Time is certainly a necessary factor when it comes to healing. Even tough it may take away some of the pain, sadness, or other negative emotions related with an experience, time on its own is not a healer.
Whether you are going through a breakup, sadness the loss of a loved one, or going through something else emotionally taxing, lots of of other crucial factors are involved in the healing process.
Time goes really, really slowly when you’re hurting. Ever notice how painfully slowly time moves when you’re sitting illness in a hospital? Or when you’ve got a headache, and you’re waiting for the painkiller to kick in? The same rules occurs when you’re in emotional agony. “Time heals all wounds” is like a slap in your face when minutes feel like hours, hours feel like days, and so on.
Sometimes things get worse before they get better. Ask many person who have suffered a significant loss, and they’ll inform you that the initial shock and pain — while agonizing — wasn’t the most hard time for them. That may come weeks or even months later, when the facts of life without a loved one starts to set in (and those who supported them through the early days of the loss take a step back).
The sense that you can never, ever talk with this person again — never touch them, hear the voice, or feel the experience of life you did with them — has begun to sink in.
We can even stretch out the metaphor of sadness as a wound here: Horror and disbelief session through you in the seconds after you receive a bad cut or break a bone, but the pain only sets in later, once the numbness of shock fades. Such is often the case with grief, too.
Healing time is fragile, whether you are healing emotionally or physically. You are irritable, sensitive, and more susceptible to infection. You may have a habit of picking at open wounds, even if you know better.
In times of emotional healing, you have to make a conscious effort not to pick at yourselves, or else you can’t expect to heal the right way. Continuously replaying tragic events or inventing “what-if” scenarios can be especially harmful to you when you are in this vulnerable state of mind.

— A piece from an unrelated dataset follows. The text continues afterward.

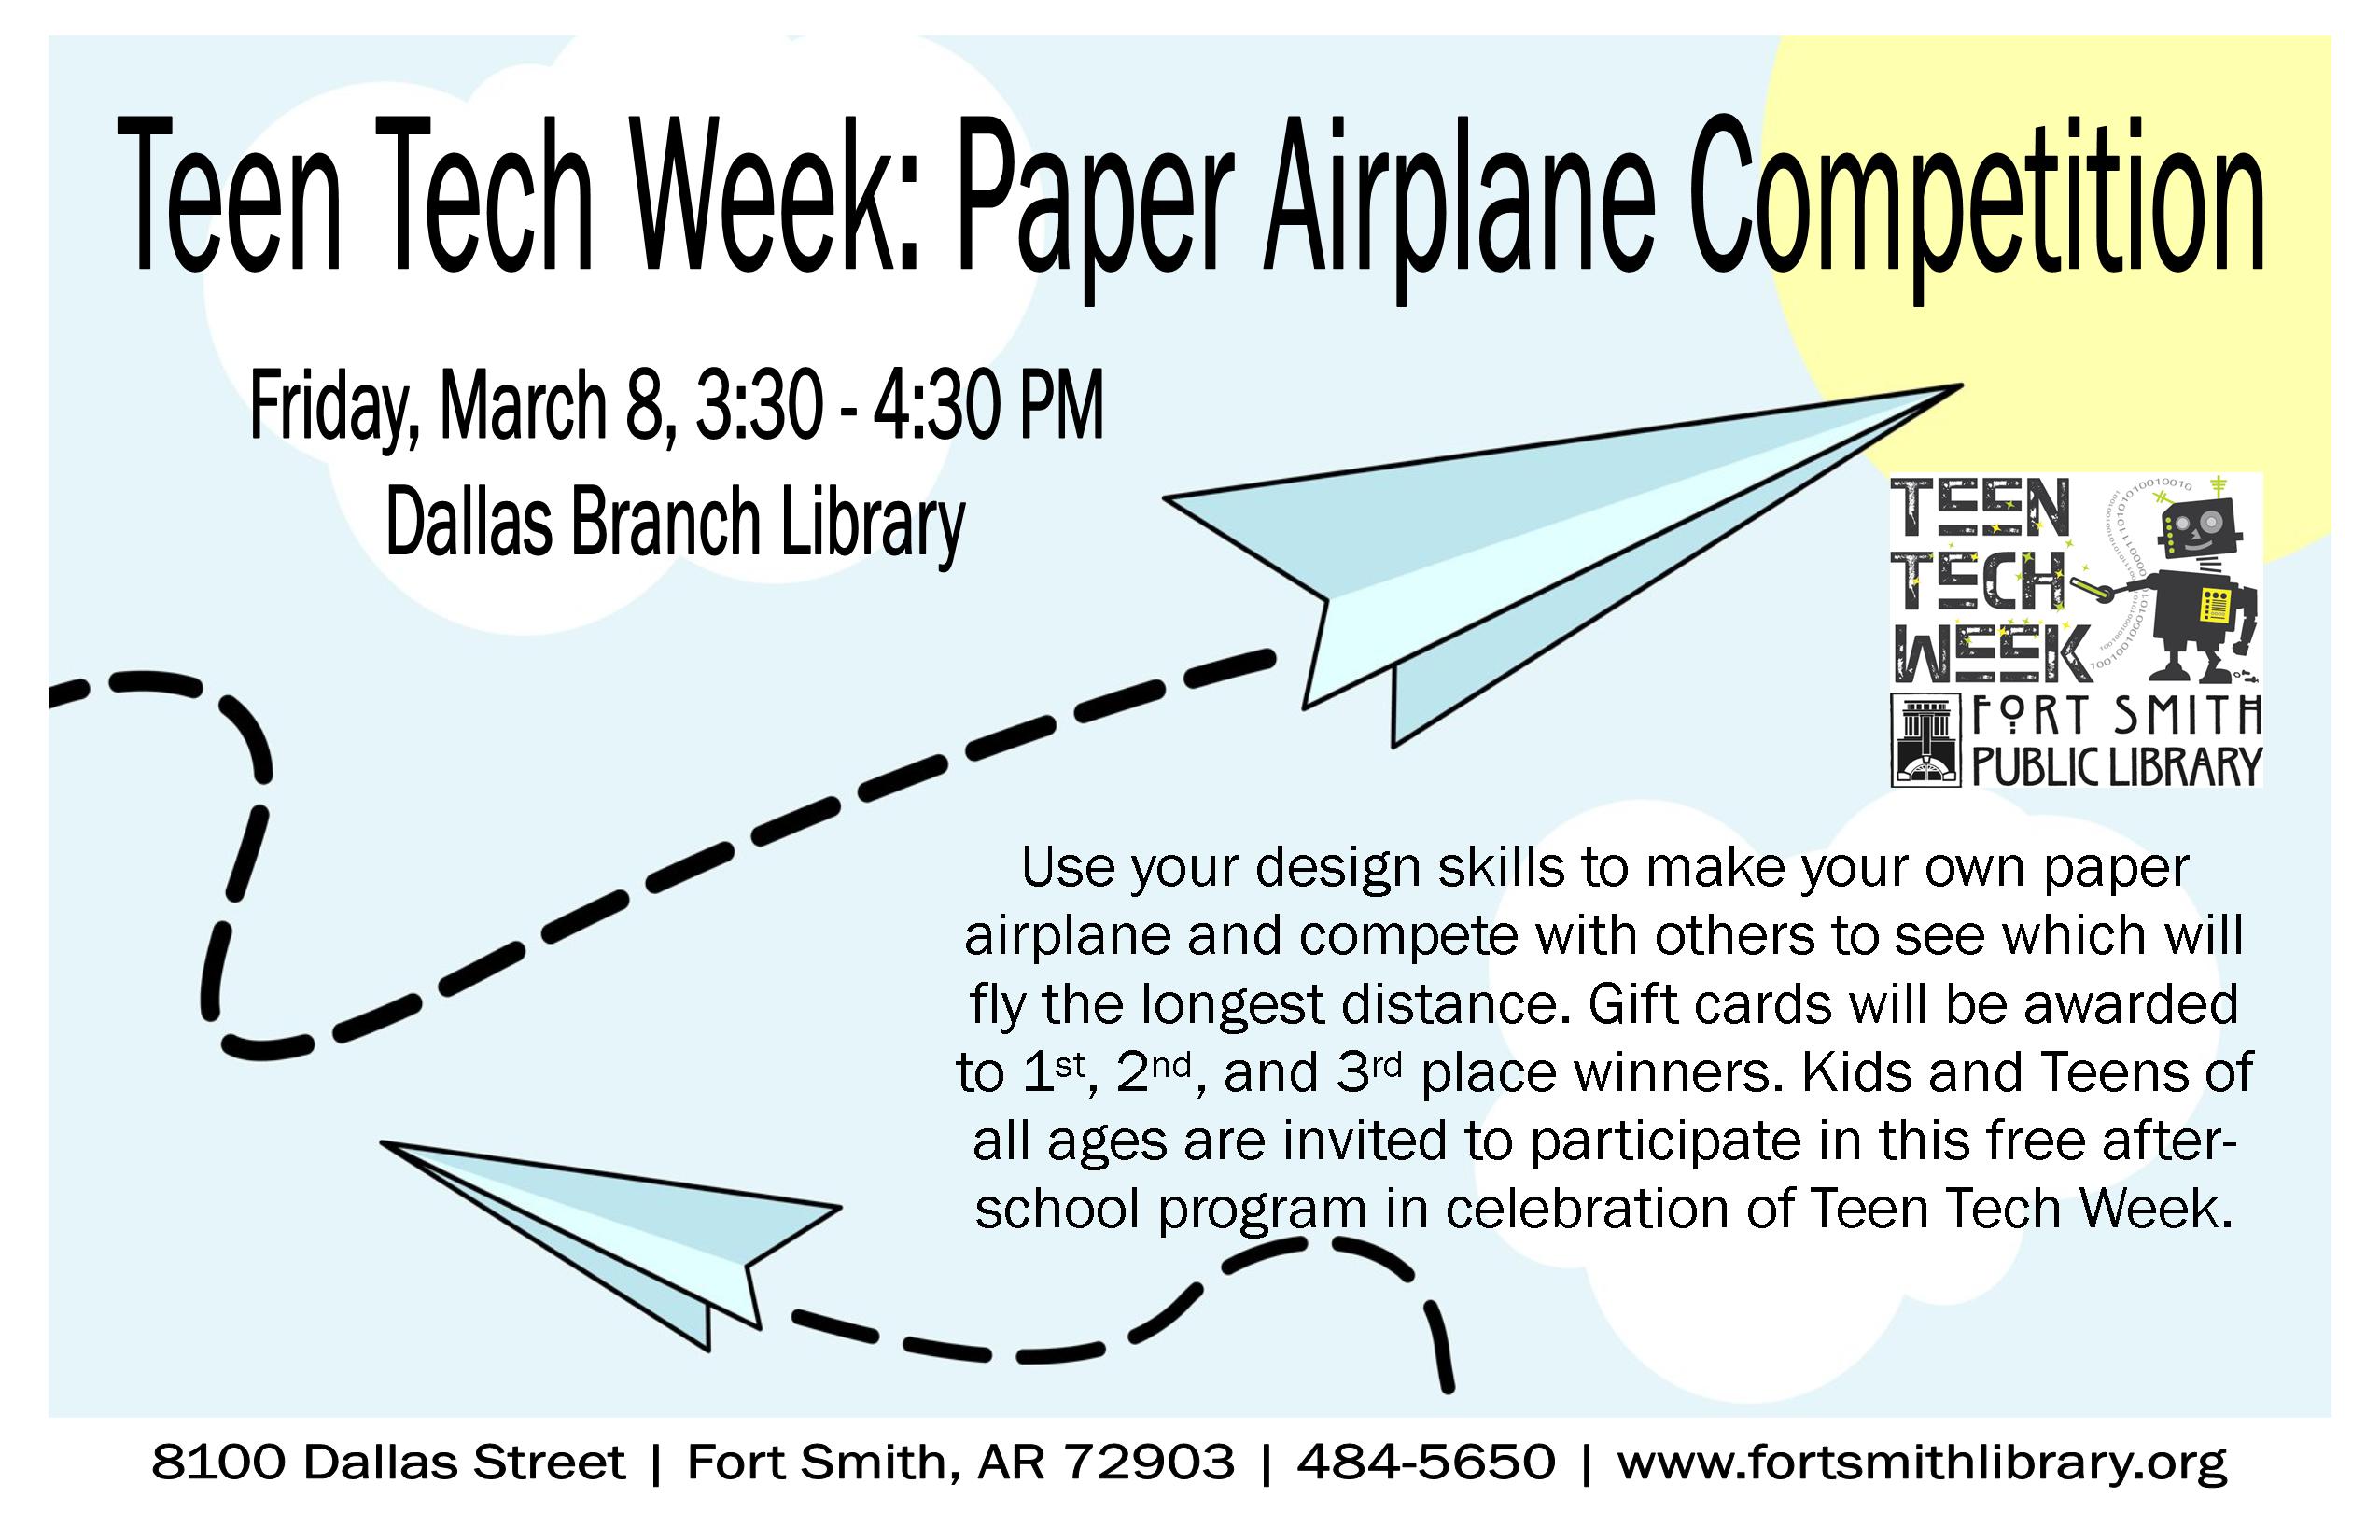 Teen Tech Week: Paper Airplane Competition informational banner

You have to keep in mind to take care of yourselves during the healing process
No matter how much time passes, or how well you heal, your wounds leave you with scars. Emotional scars can be worst sometimes. In your search for answers, you may be lead down unknown paths, some of which can be very dangerous.
You have to ask the questions that will lead you to the correct answers. You may consider how time have an impact on your individual grief. You consider how your perception could change. You know that simply believing in something doesn’t make it true.
Faith leaves your hearts open to the possibility that something could be true. Healing comes from new perspectives, which need time to create. There is trully no simple way to explain that. So here it is again: Time heals all wounds.